Freitag, 8. Dezember 2017

Schwurbular

Den subjektiven Arbeitsalltag in der Dolmetscherkabine beschreibe ich hier im 11. Jahr. Vor dem Einsatz bereiten wir uns intensiv vor. Dabei sind Fach­wör­ter­lis­ten zu erstellen und Redeweisen zu beachten. Das klingt nach viel Arbeit. Aber es gibt Rettung.

Was mir diese Woche akut wieder eingefallen ist: Die Studie, nach der das Mathe­hirn im Fuß steckt. Es geht um die Korrelation, dass Menschen mit Schuh­grö­ße 29 selten gut rechnen können.

Biedermeierfräulein
Biedermeierfräulein
Ansonsten hatten wir wieder es erneut mit viel Schwur­bu­lar zu tun. Unter dem Be­griff sammele ich Schwurbelbegriffe wie "Tendenz zu", "neigt", "legt die Ver­mu­tung nahe", "die Studie erlaubt die In­ter­pre­ta­tion, dass ...". Solche Ausdrücke muss un­ser­ein­er in der Übersetzung pau­ken. Ich mag derlei nicht, aber es ist leider Be­rufs­all­tag.
Dazu sagt ein Bekannter "Konkunktivitis", weil es dann immer schön im Konjunktiv weitergeht. Ehe ich mir hier jetzt von derlei Hässlichkeiten noch eine Au­gen­ent­zün­dung hole, denke ich lachend an die Feststellung, dass Menschen, die in der Nase bohren, ihre Hände häufiger in der Nähe ihres Gesichtes haben.

Und ich erhole mir die Augen beim Betrachten eines schöner Bilder. Die Parole lautet: "Mehr Kunst!"

Am Abend sendet mir eine Nonne einen Vortragstext zu einem Künstler. Sie lässt uns an ihrem "Work in Progress" teilhaben, wird drei Fassungen senden, damit wir Zeit haben, uns vorzubereiten. Ich nenne das charmant.

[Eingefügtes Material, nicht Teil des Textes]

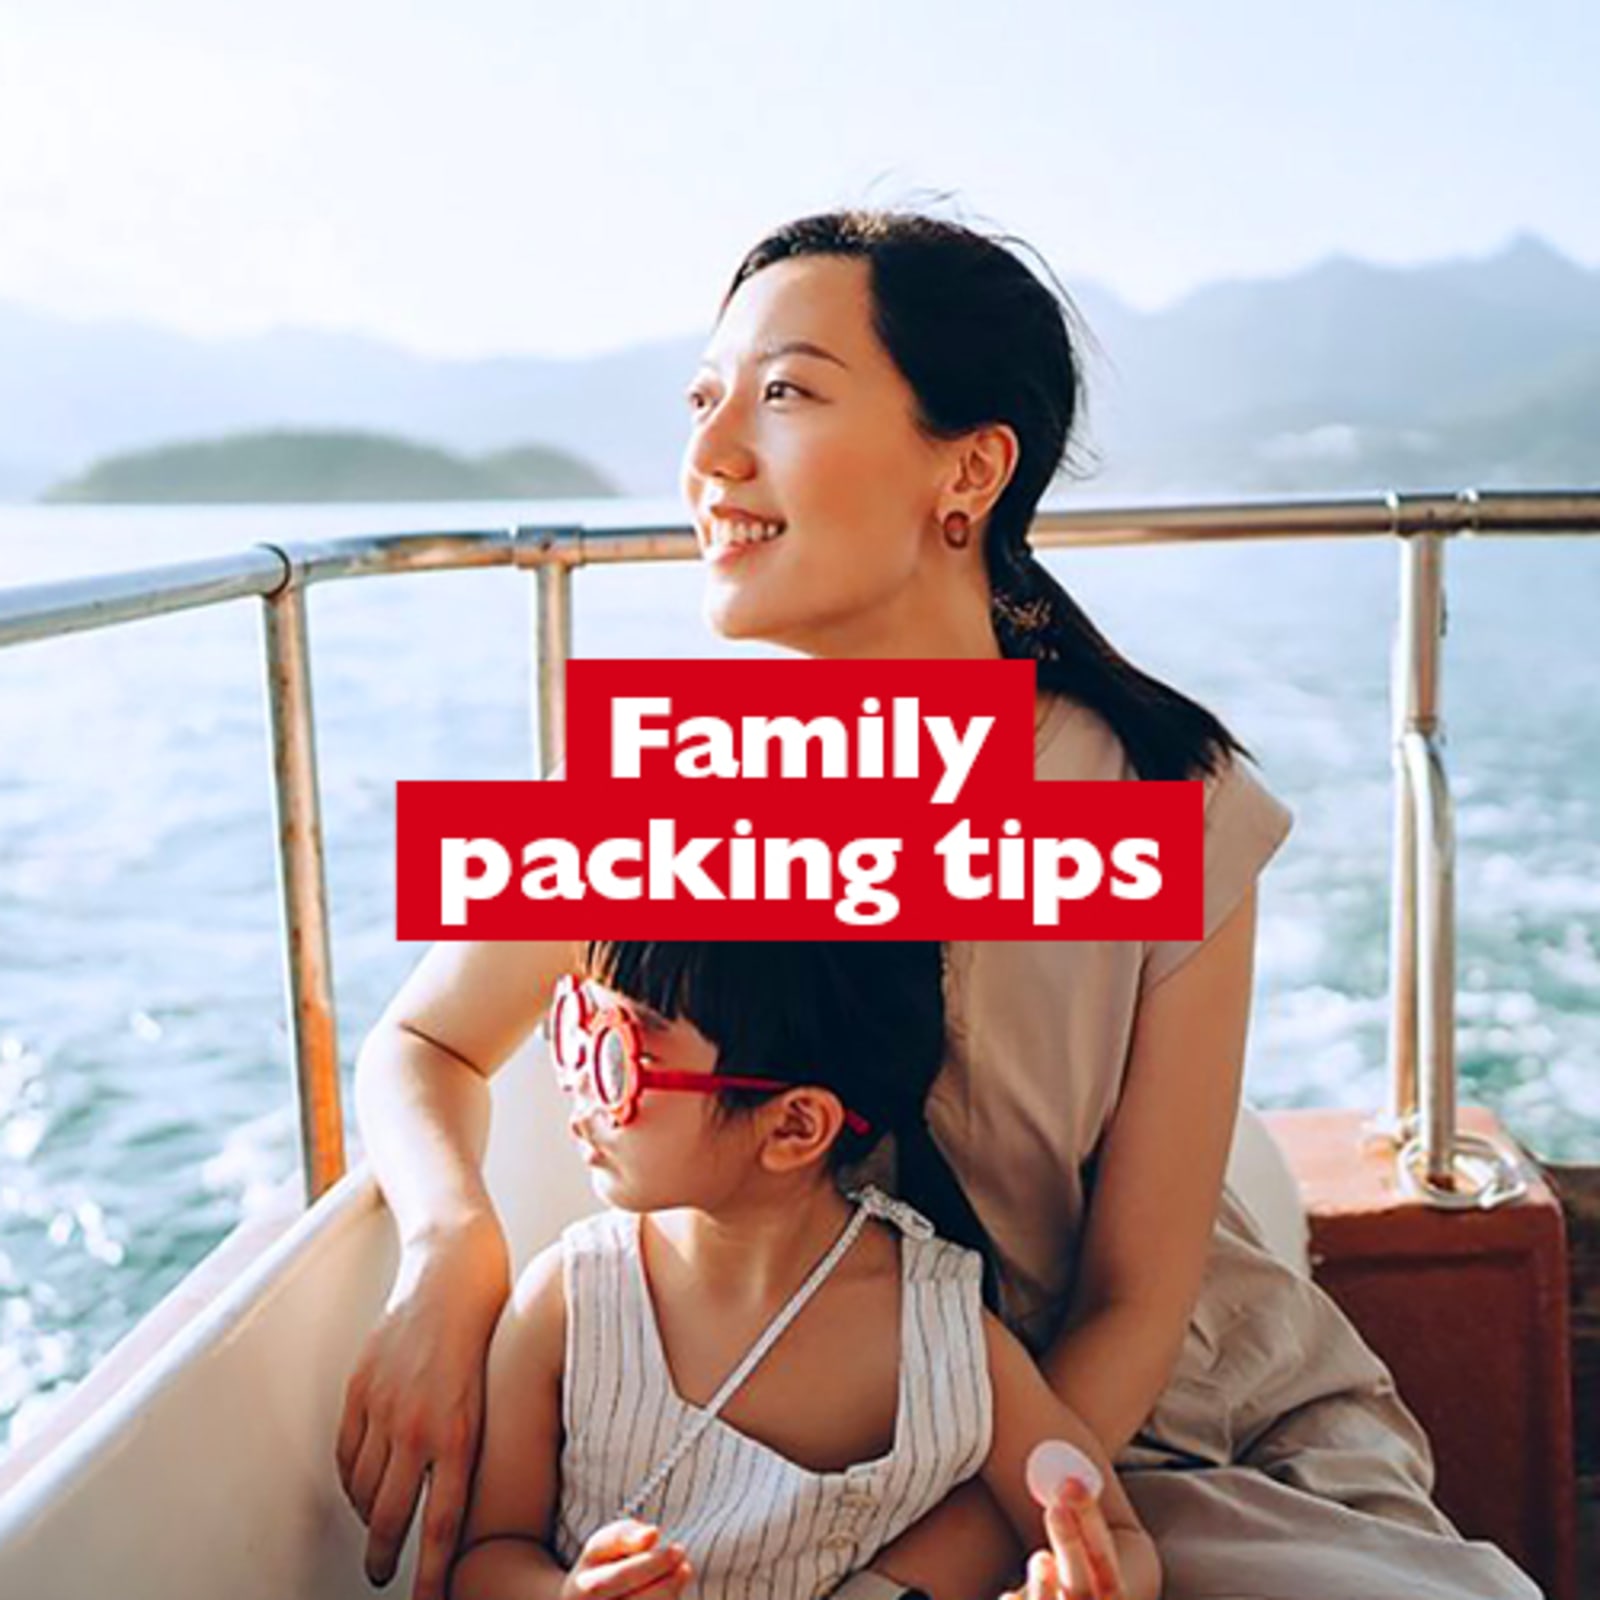 Family packing tips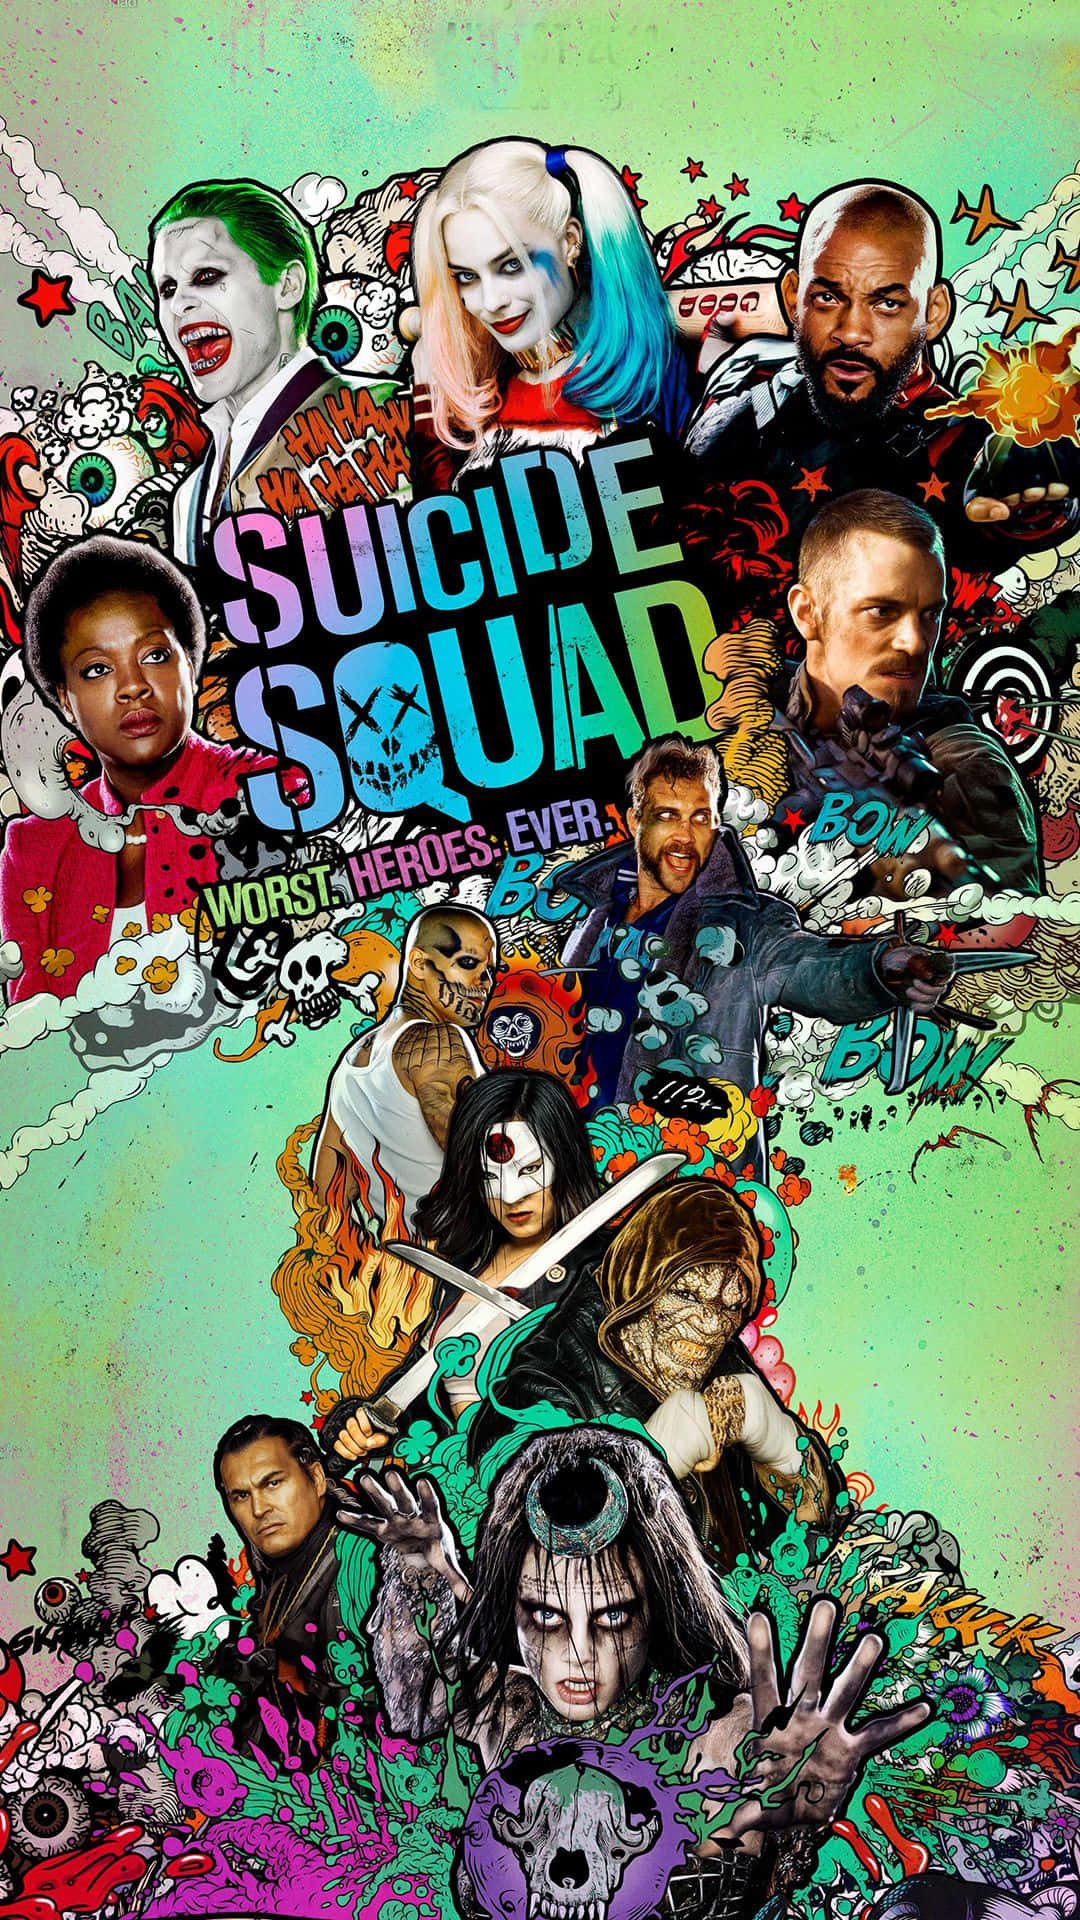 Suicide Squad Movie Cast in Action

Die kunstgeschichtliche Tagung nächste Woche, die letzte Konferenz des Jahres, wird frei sein von Schwur­bu­lar. Bis dahin heißt es: Das Gegenteil davon, nämlich Fachvokabular pauken. Sich weiterbilden. Die Stadt und unsere Zeit mit anderen Augen sehen.

Tipps dazu für dieses Wochenende:
Jüdisches Museum zu Berlin, Sonntag letzter Öffnungstag vor Umgestaltung der ständigen Ausstellung. Das Museum lebt ja von der Spannung zwischen Ar­chi­va­lien, den vielen Kulturzeugnissen jüdischen Lebens in Berlin, und der Architektur, die derzeit hinter den Exponaten stark in den Hintergrund tritt. Das soll nach der Neuausrichtung anders sein.
Gaslaternenweihnachtsmarkt der Vereine, Verbände und Kunsthandwerker in Rixdorf (Berlin-Neukölln).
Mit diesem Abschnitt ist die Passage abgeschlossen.